Christopher Charlesworth, CEO and Co-founder of HiveWire, Joins National Crowdfunding Association of Canada’s Advisory Board
March 24th, 2017
Wharton | Nov 2013
A disruptive new way for small companies to raise capital is putting a spotlight on the readiness of a tightly regulated securities market to adopt the openness of the Internet — and has sparked debate about whether the change will spur economic growth or become another vehicle for fraud.
The U.S. Securities and Exchange Commission is proposing a set of rules to let start-ups and other small companies sell securities for the first time through crowdfunding. Mandated by the Jumpstart Our Business Startups (JOBS) Act of 2012, the new rules aim to make access to capital a less onerous and costly endeavor for small firms seeking to raise a modest amount of funds.

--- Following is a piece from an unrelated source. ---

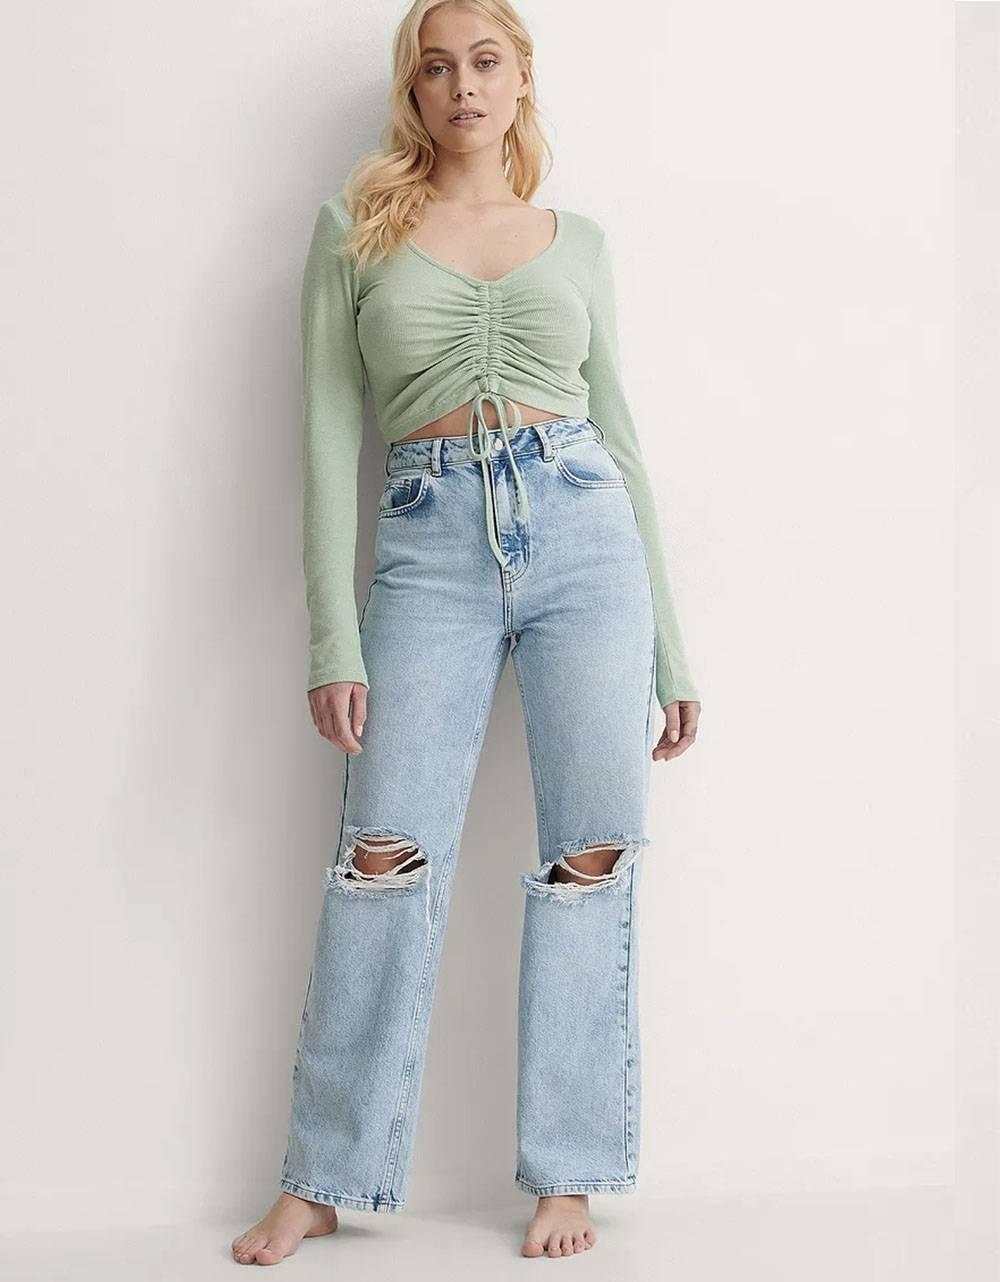 NA-KD wide leg denim - light blue NA-KD Jeans 65,00€
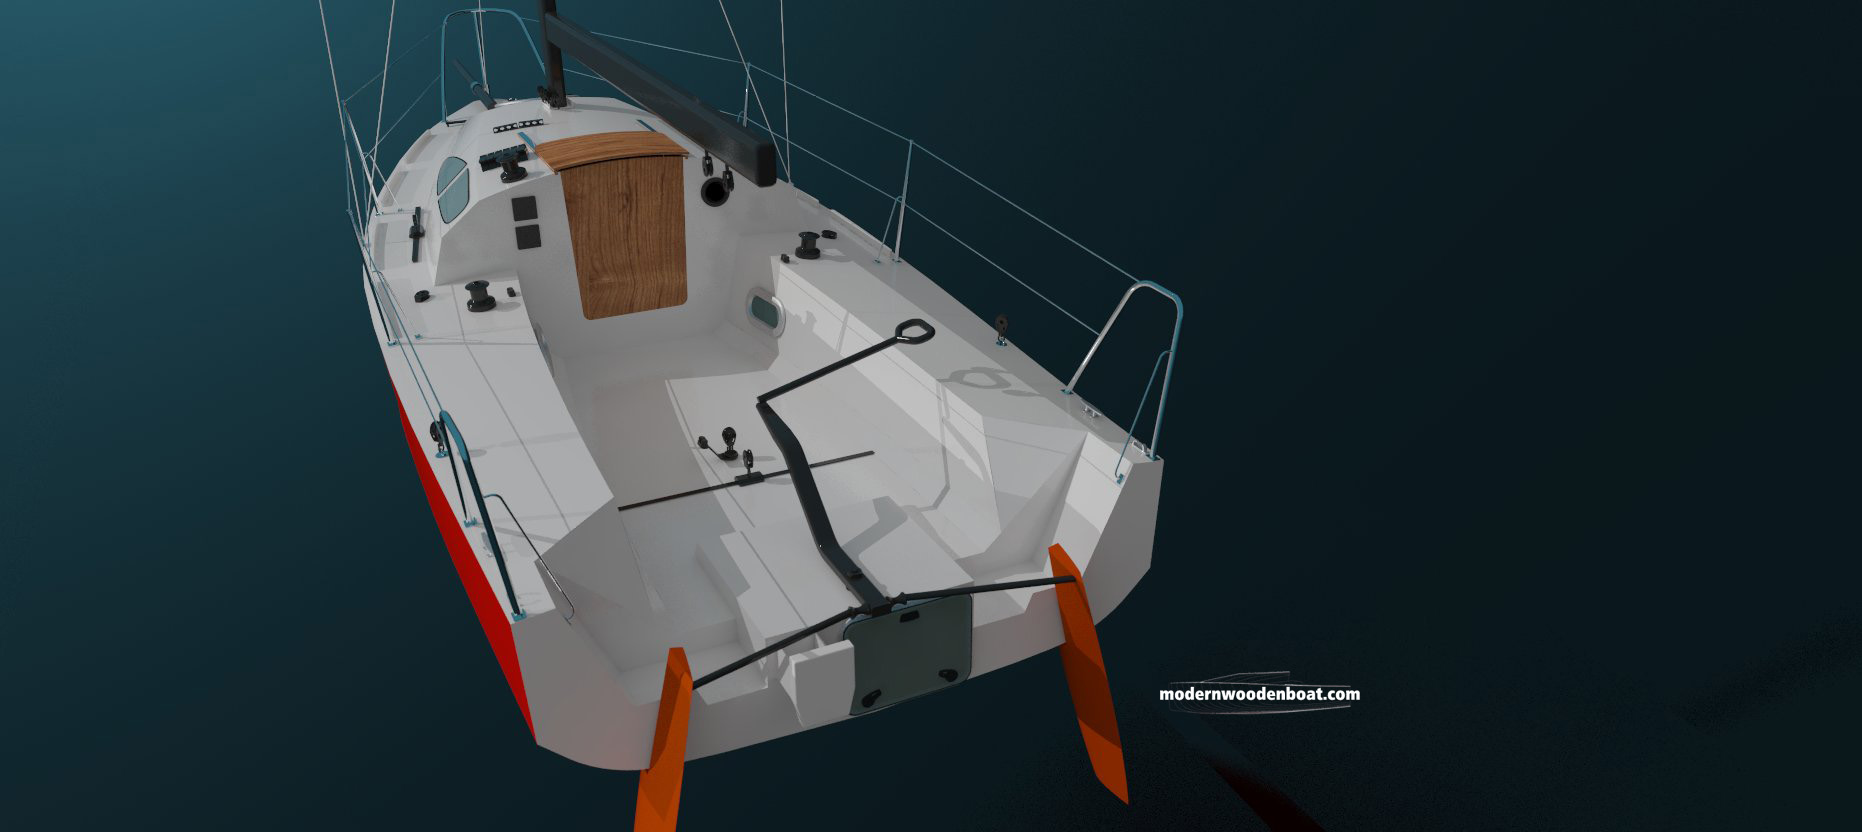 idea-21-radiuschine-epoxy-plywood-sportboat-03

When President Obama signed the JOBS Act into law, he called the legislation a “potential game changer.” Traditionally, small businesses can only turn to a limited group of investors, such as banks and wealthy benefactors, to raise capital. But going forward, “start-ups and small business will now have access to a big, new pool of potential investors — namely, the American people,” Obama said. “For the first time, ordinary Americans will be able to go online and invest in entrepreneurs that they believe in.”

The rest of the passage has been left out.